• Task item
The answer should be every line below, repeated exactly, with the images left out.

• Task inputs
···

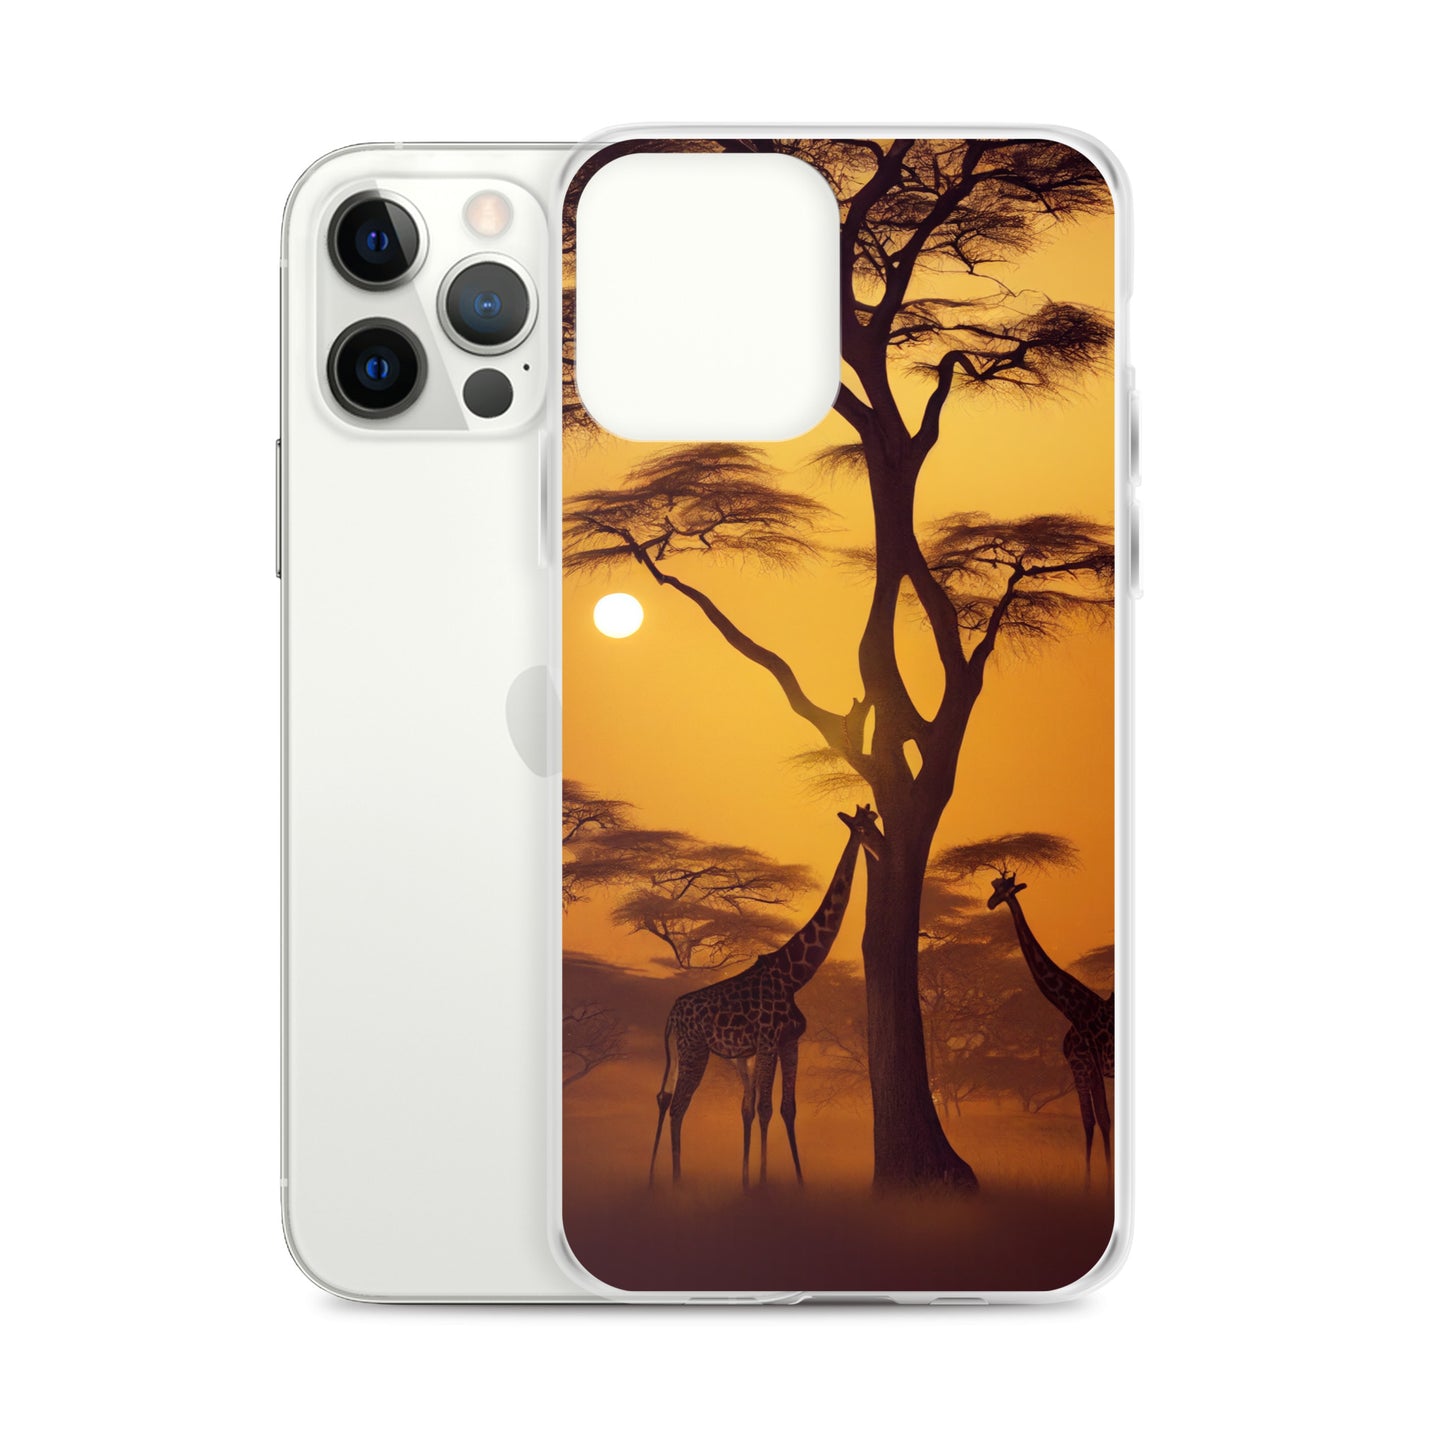 iPhone Case - African Vista - Giraffes Under Acacia Tree
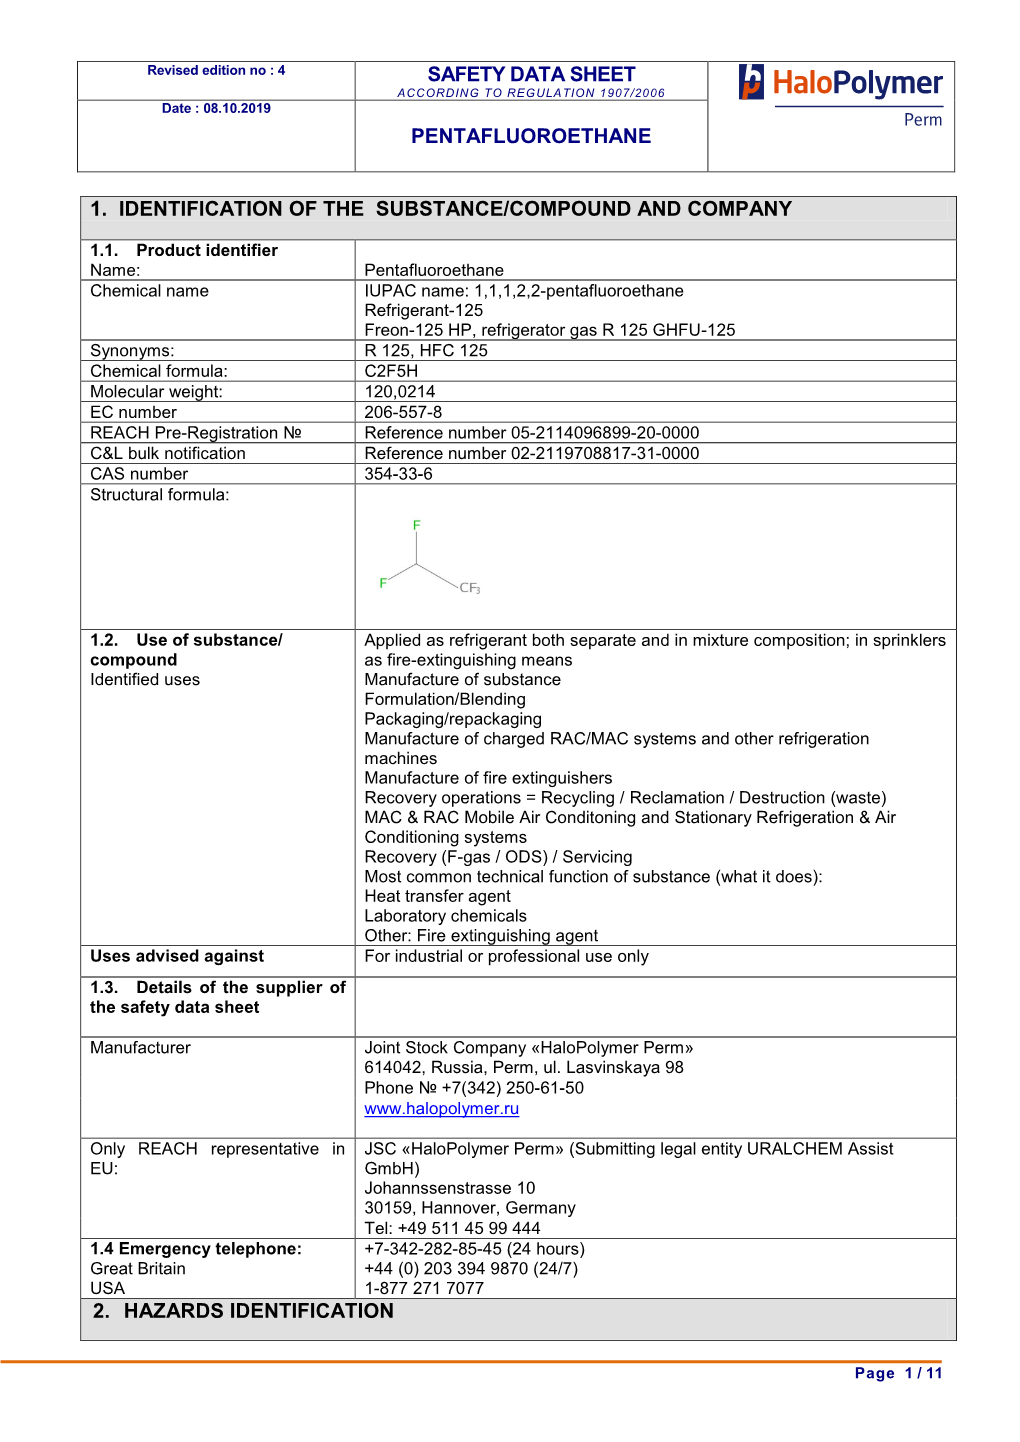 Safety Data Sheet Pentafluoroethane 1. Identification of the Substance/Compound and Company 2. Hazards Identification
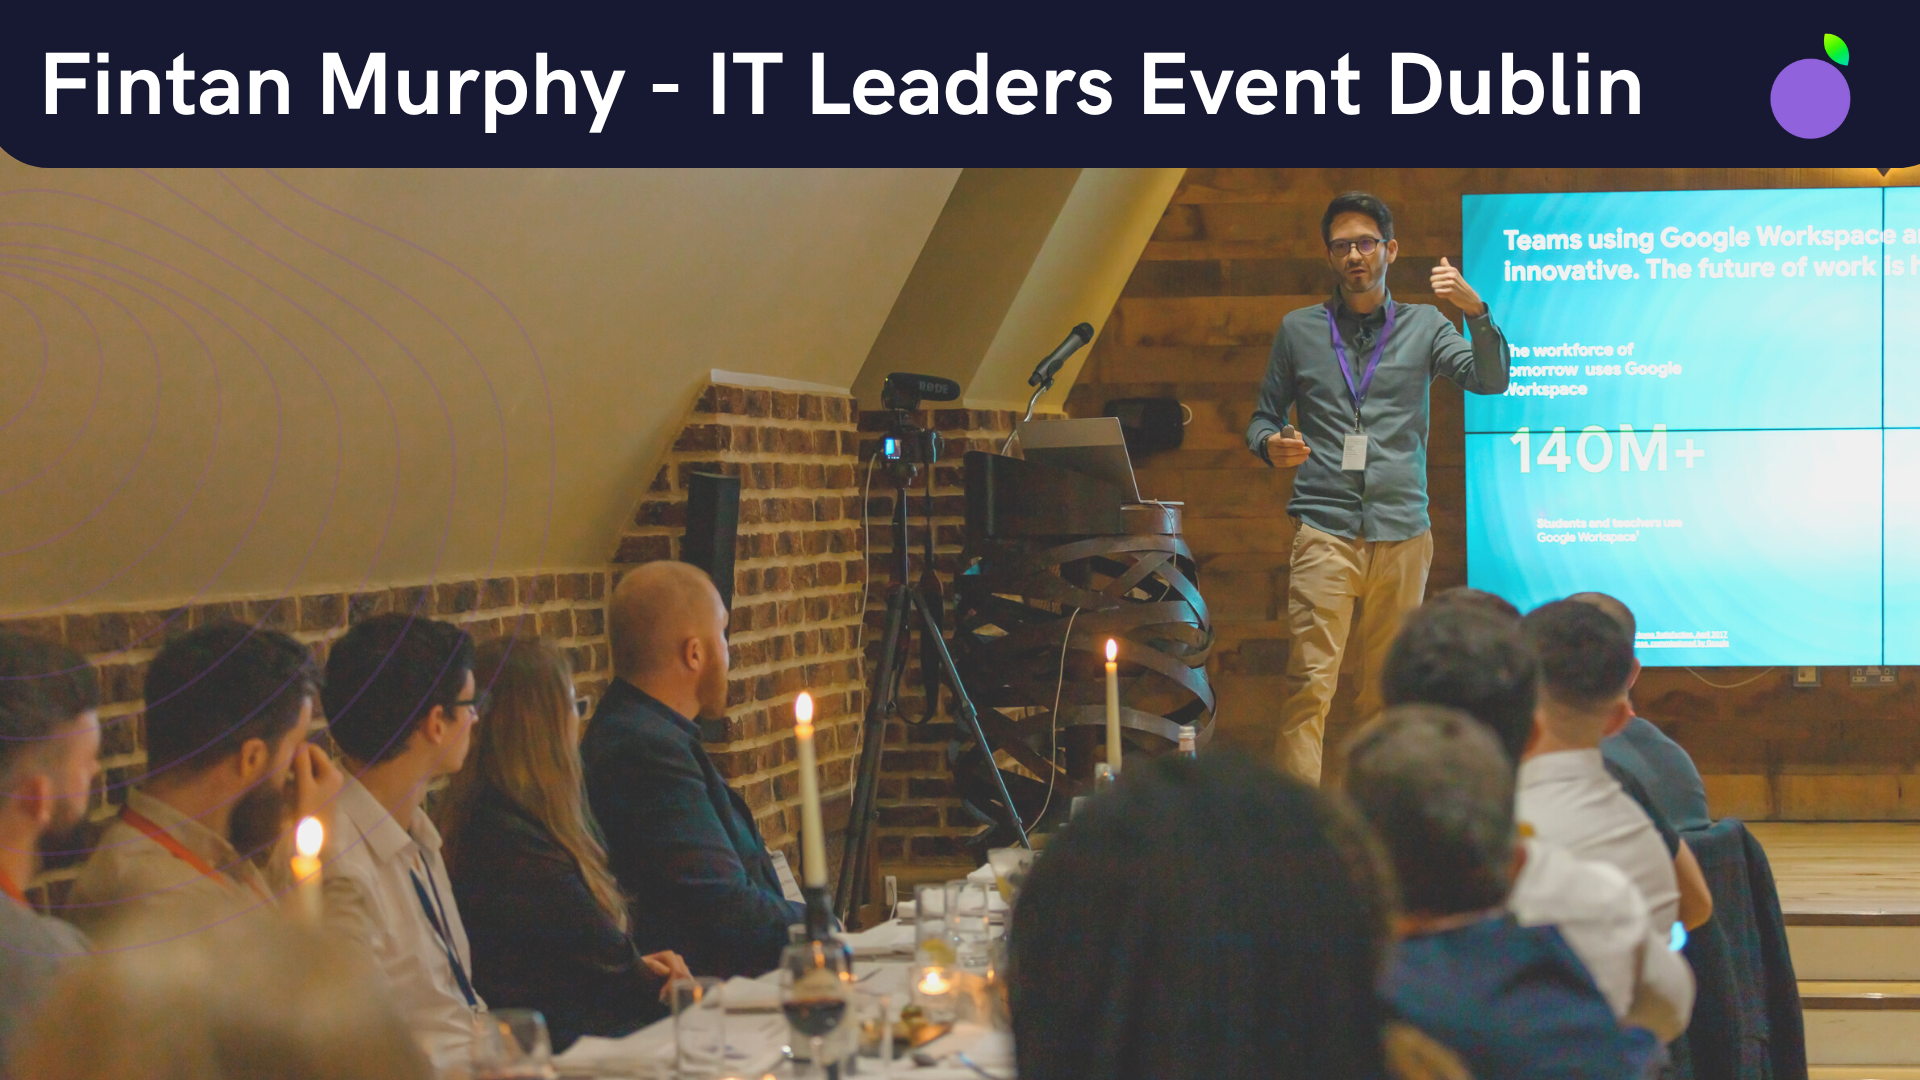 Fintan Murphy Speaking At The IT Leaders Dinner On Google Workspace And Digital Natives
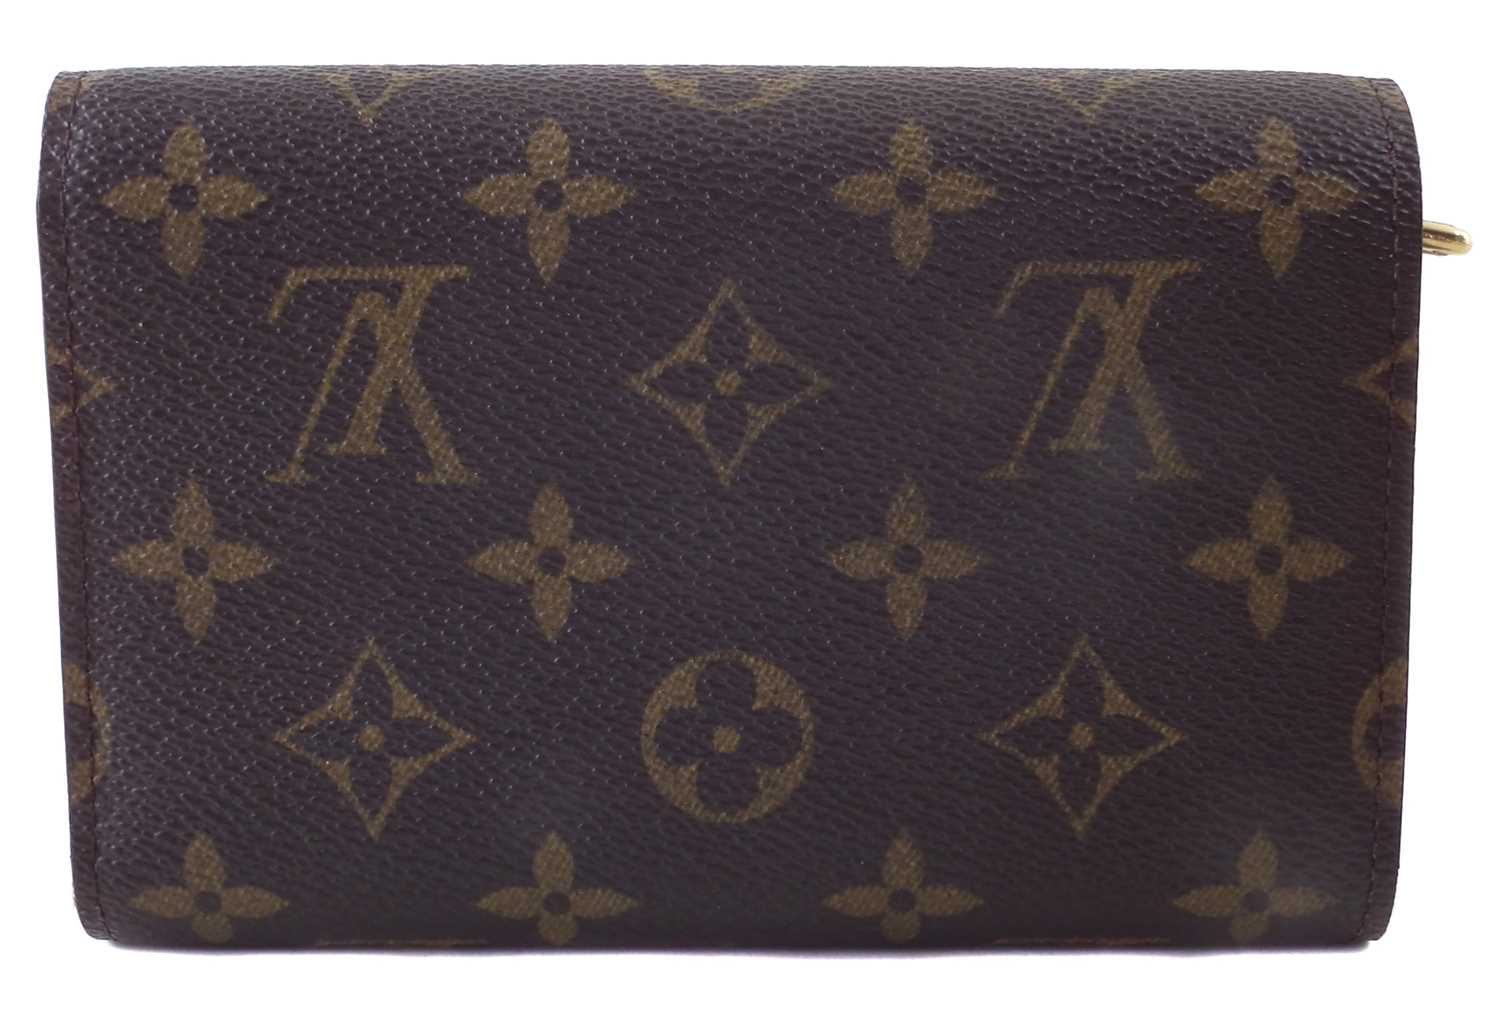 A Louis Vuitton Monogram Trifold Wallet, - Image 2 of 2
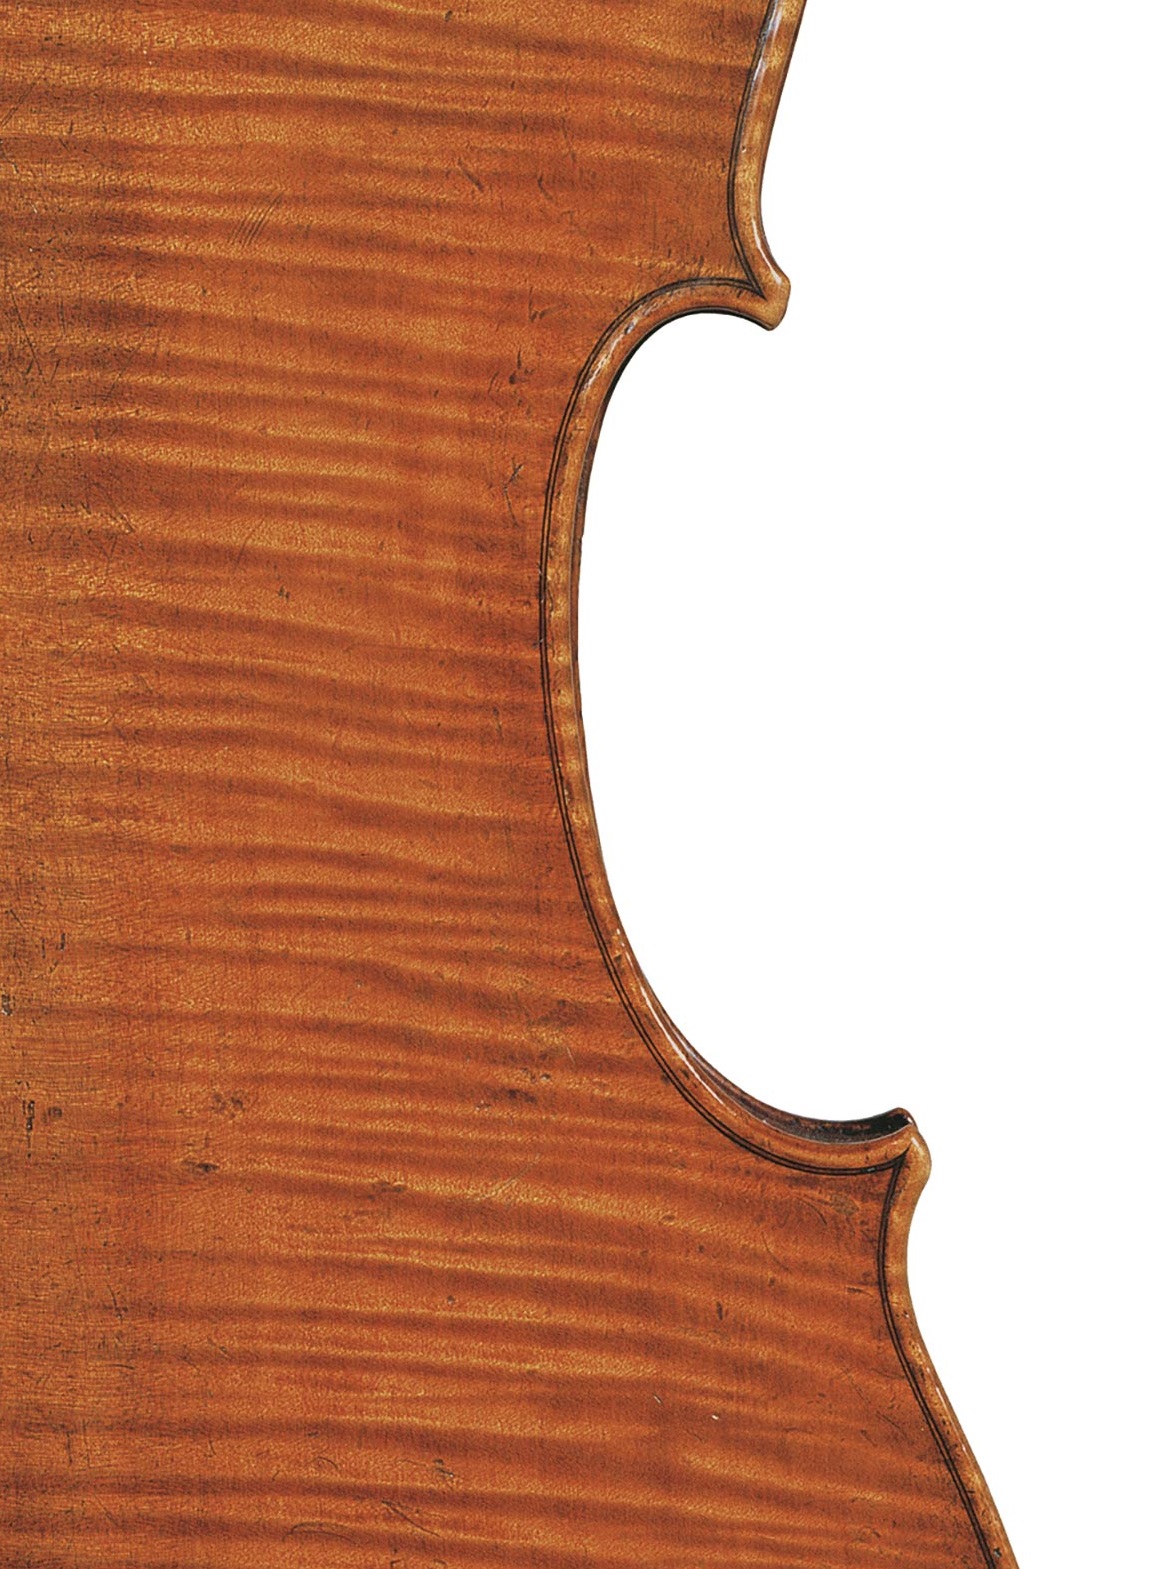 Back of the Gore Booth cello by Antonio Stradivari, Cremona, 1710

···

• Solution to this problem
 iPhone Case - African Vista - Giraffes Under Acacia Tree
 Safety Data Sheet Pentafluoroethane 1. Identification of the Substance/Compound and Company 2. Hazards Identification
 Fintan Murphy Speaking At The IT Leaders Dinner On Google Workspace And Digital Natives
 A Louis Vuitton Monogram Trifold Wallet, - Image 2 of 2
 Back of the Gore Booth cello by Antonio Stradivari, Cremona, 1710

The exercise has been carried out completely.